The best way to make the calculation more manageable is to factorise $26460 = 2^2\cdot 3^3\cdot 5\cdot 7^2$. If you can separately show that $27195^8-10887^8+10152^8$ is divisible by each of the numbers $2^2$, $3^3$, $5$ and $7^2$, then the result will follow.

Take the factor 5, for example. Since $27195$ is a multiple of $5$, so is its eighth power. The other two terms are not multiples of $5$, but here you need to use your idea of grouping those two terms together. In fact, $a^8-b^8$ is a multiple of $a-b$. So $10887^8+10152^8$ is a multiple of $10887-10152 = 735$. That is a multiple of $5$. Putting those results together, you see that $27195^8-10887^8+10152^8$ is a multiple of $5$.

The exact same procedure shows that $27195^8-10887^8+10152^8$ is a multiple of $7^2$. You can use similar ideas to show that it is also a multiple of $3^3$ and of $2^2$. (To deal with $3^3$, notice that $a^8-b^8$ is also a multiple of $a+b$.)

Awesome! I finally understand it now!

Thanks for your help, Opalg!

 

[Nono713]

Opalg's answer is very good! A more "heavy machinery" method could also go as follows:

$$26460 = 2^2 \cdot 3^3 \cdot 5^1 \cdot 7^2$$
And we can do the following reductions with a couple modulo operations:

$$27195^8 - 10887^8 + 10152^8 \equiv 3^8 - 3^8 + 0^8 \equiv 0 \pmod{2^2}$$

$$27195^8 - 10887^8 + 10152^8 \equiv 6^8 - 6^8 + 0^8 \equiv 0 \pmod{3^3}$$

$$27195^8 - 10887^8 + 10152^8 \equiv 0^8 - 2^8 + 2^8 \equiv 0 \pmod{5^1}$$

$$27195^8 - 10887^8 + 10152^8 \equiv 0^8 - 9^8 + 9^8 \equiv 0 \pmod{7^2}$$
And invoking the CRT (since $2^2$, $3^3$, $5^1$, $7^2$ are pairwise coprime):

$$\mathbb{Z}_{26460} = \mathbb{Z}_{2^2} \times \mathbb{Z}_{3^3} \times \mathbb{Z}_{5^1} \times \mathbb{Z}_{7^2}$$
$$\therefore$$
$$27195^8 - 10887^8 + 10152^8 \equiv 0 \pmod{26460}$$
This also shows that the exponent (8) is in fact irrelevant, and could be anything.

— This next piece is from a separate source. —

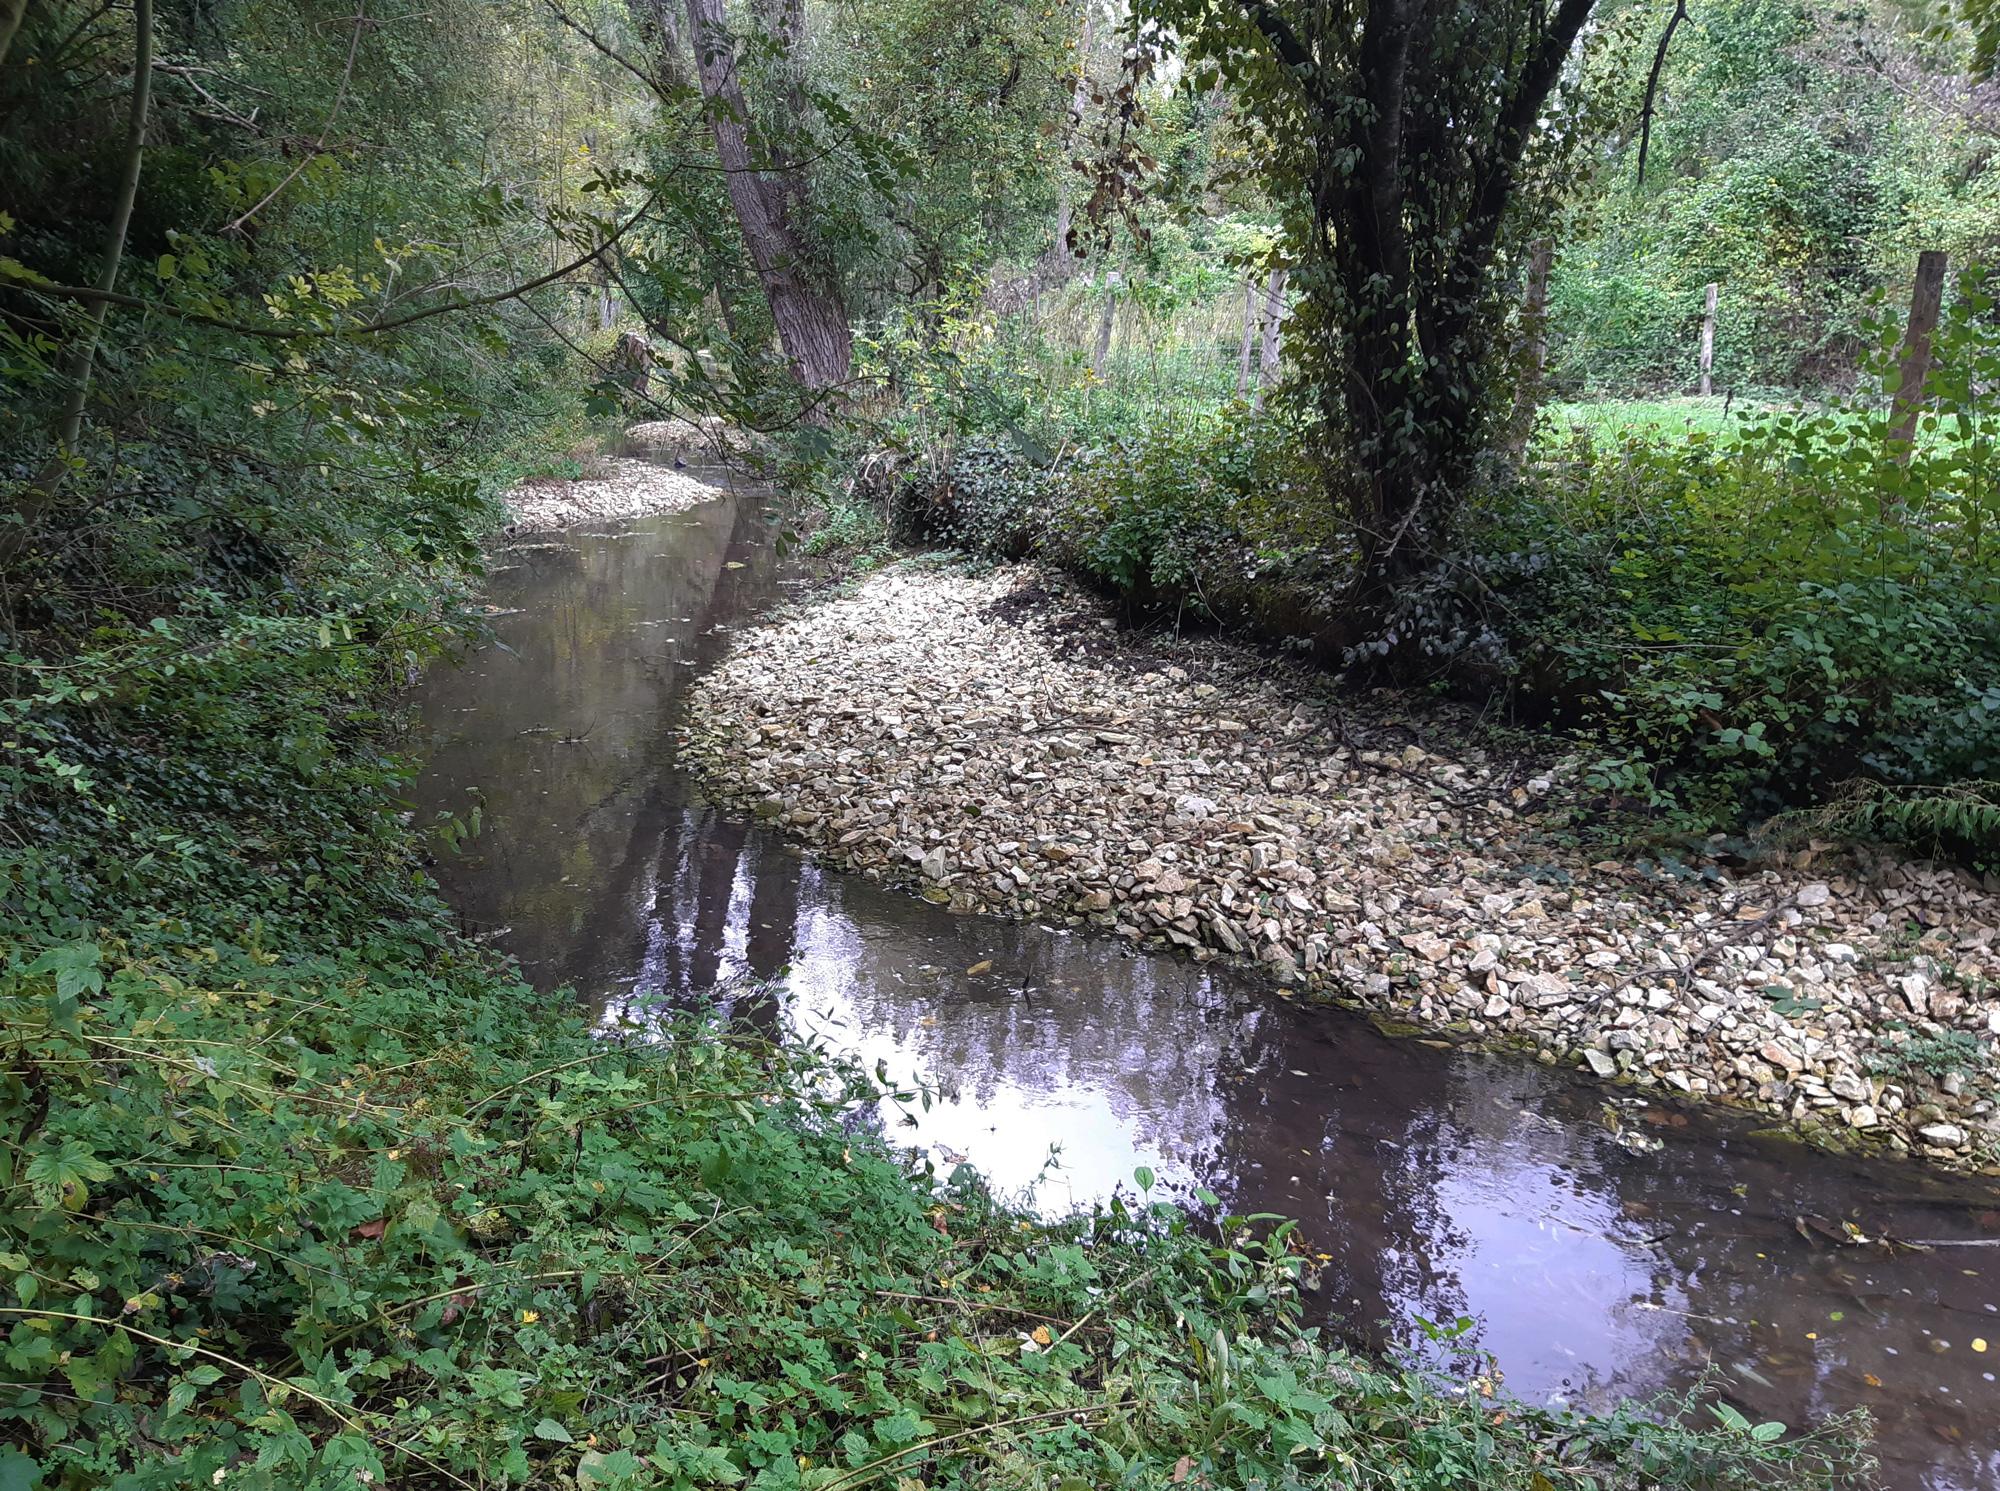 Les travaux de restauration du lit des cours d'eau

EDIT: fixed, see ILikeSerena's post below.

 

[I like Serena]

Opalg's answer is very good! A more "heavy machinery" method could also go as follows:

$$26460 = 2^2 \cdot 3^3 \cdot 5^1 \cdot 7^2$$
And we can do the following reductions with a couple modulo operations:

$$27195^8 - 10887^8 + 10152^8 \equiv 0^8 - 0^8 + 0^8 \equiv 0 \pmod{2}$$

$$27195^8 - 10887^8 + 10152^8 \equiv 0^8 - 0^8 + 0^8 \equiv 0 \pmod{3}$$

$$27195^8 - 10887^8 + 10152^8 \equiv 0^8 - 2^8 + 2^8 \equiv 0 \pmod{5}$$

$$27195^8 - 10887^8 + 10152^8 \equiv 0^8 - 2^8 + 2^8 \equiv 0 \pmod{7}$$
And invoking the CRT (since 2, 3, 5, 7 are pairwise coprime):

$$\mathbb{Z}_{26460} = \mathbb{Z}_{2^2} \times \mathbb{Z}_{3^3} \times \mathbb{Z}_{5^1} \times \mathbb{Z}_{7^2}$$
$$\therefore$$
$$27195^8 - 10887^8 + 10152^8 \equiv 0 \pmod{26460}$$
This also shows that the exponent (8) is in fact irrelevant, and could be anything.

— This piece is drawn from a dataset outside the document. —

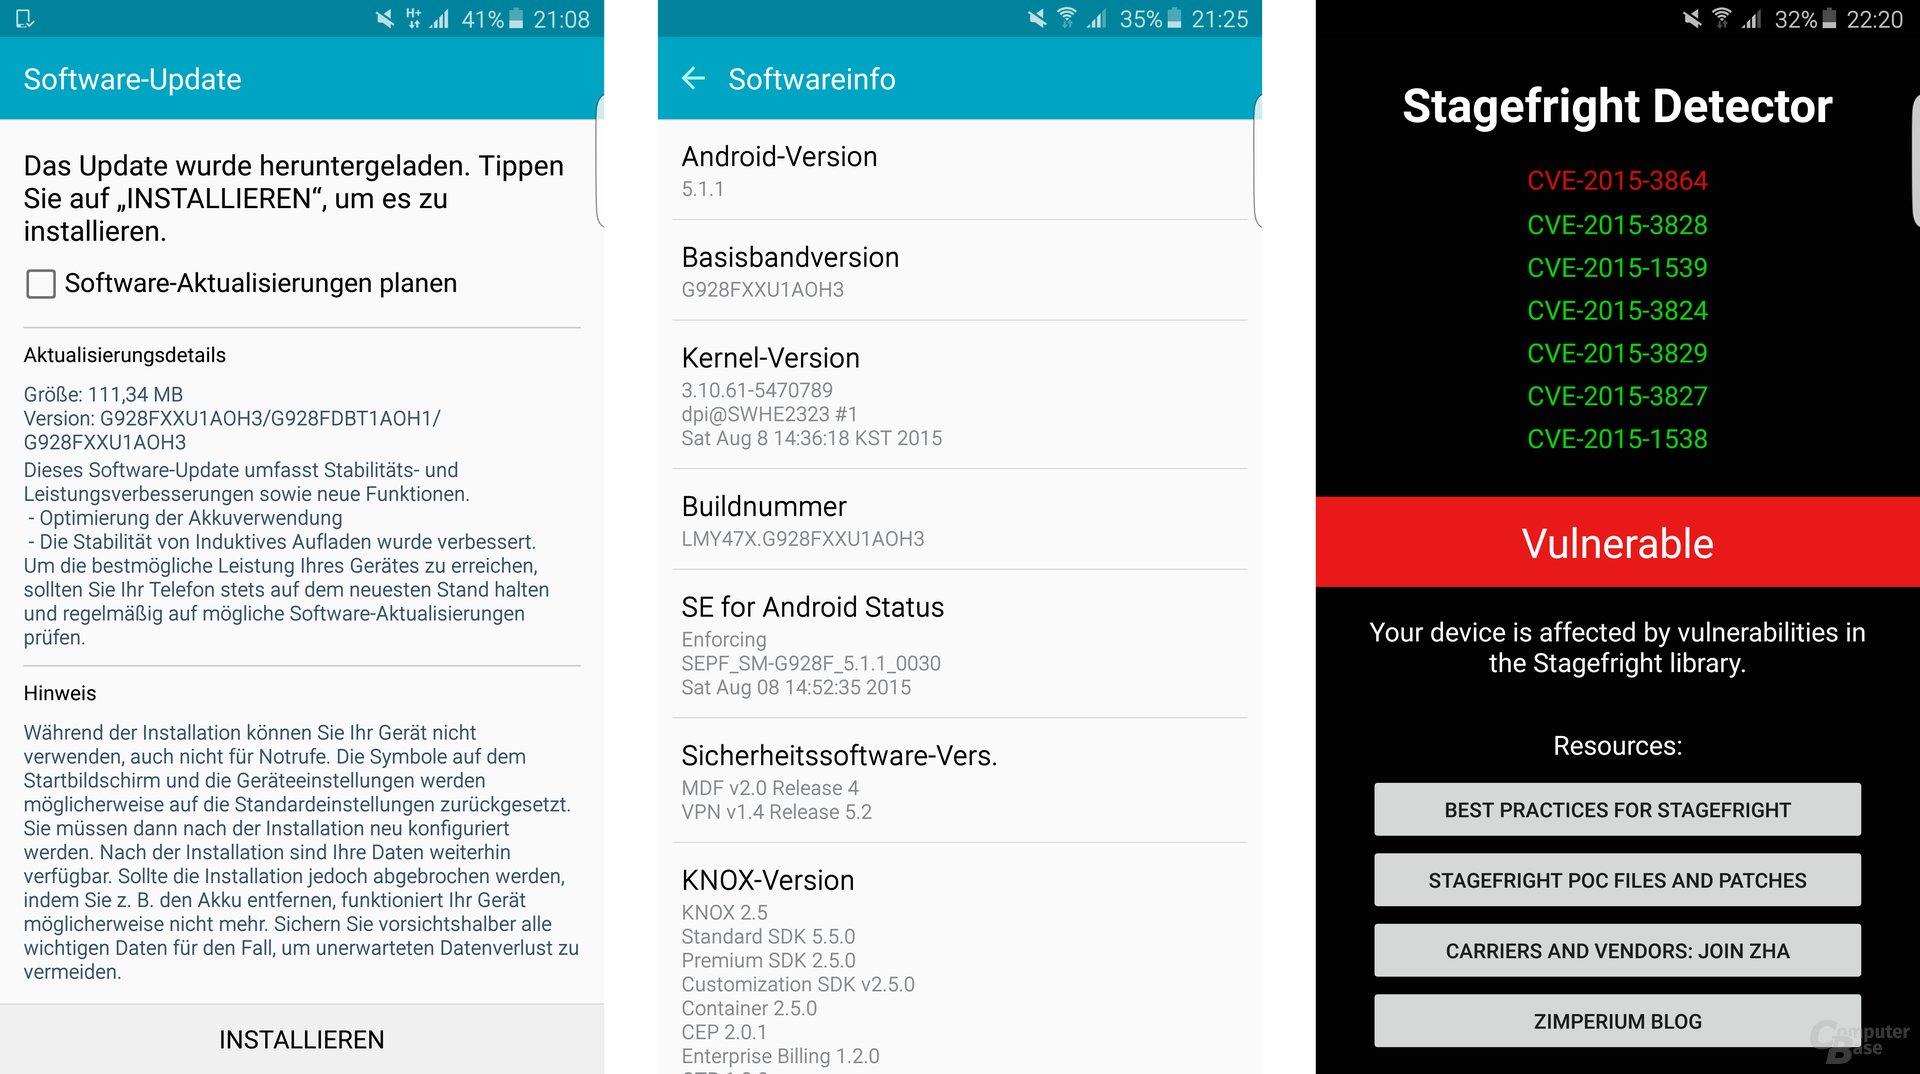 Update für das Samsung Galaxy S6 edge+

I'm afraid that the number $2 \cdot 3 \cdot 5 \cdot 7$ is also zero mod 2, mod 3, mod 5, and mod 7.
But it is not divisible by 26460.

For CRT you need to show the mod relation for $2^2$, $3^3$, $5^1$, and $7^2$.

For instance for $3^3$, we need:

$\hspace{0.5 in}27195^8 - 10887^8 + 10152^8 \equiv 0^8 - 0^8 + 0^8 \equiv 0 \pmod{3^3}$

Still quite doable.

 

[Nono713]

I'm afraid that the number $2 \cdot 3 \cdot 5 \cdot 7$ is also zero mod 2, mod 3, mod 5, and mod 7.
But it is not divisible by 26460.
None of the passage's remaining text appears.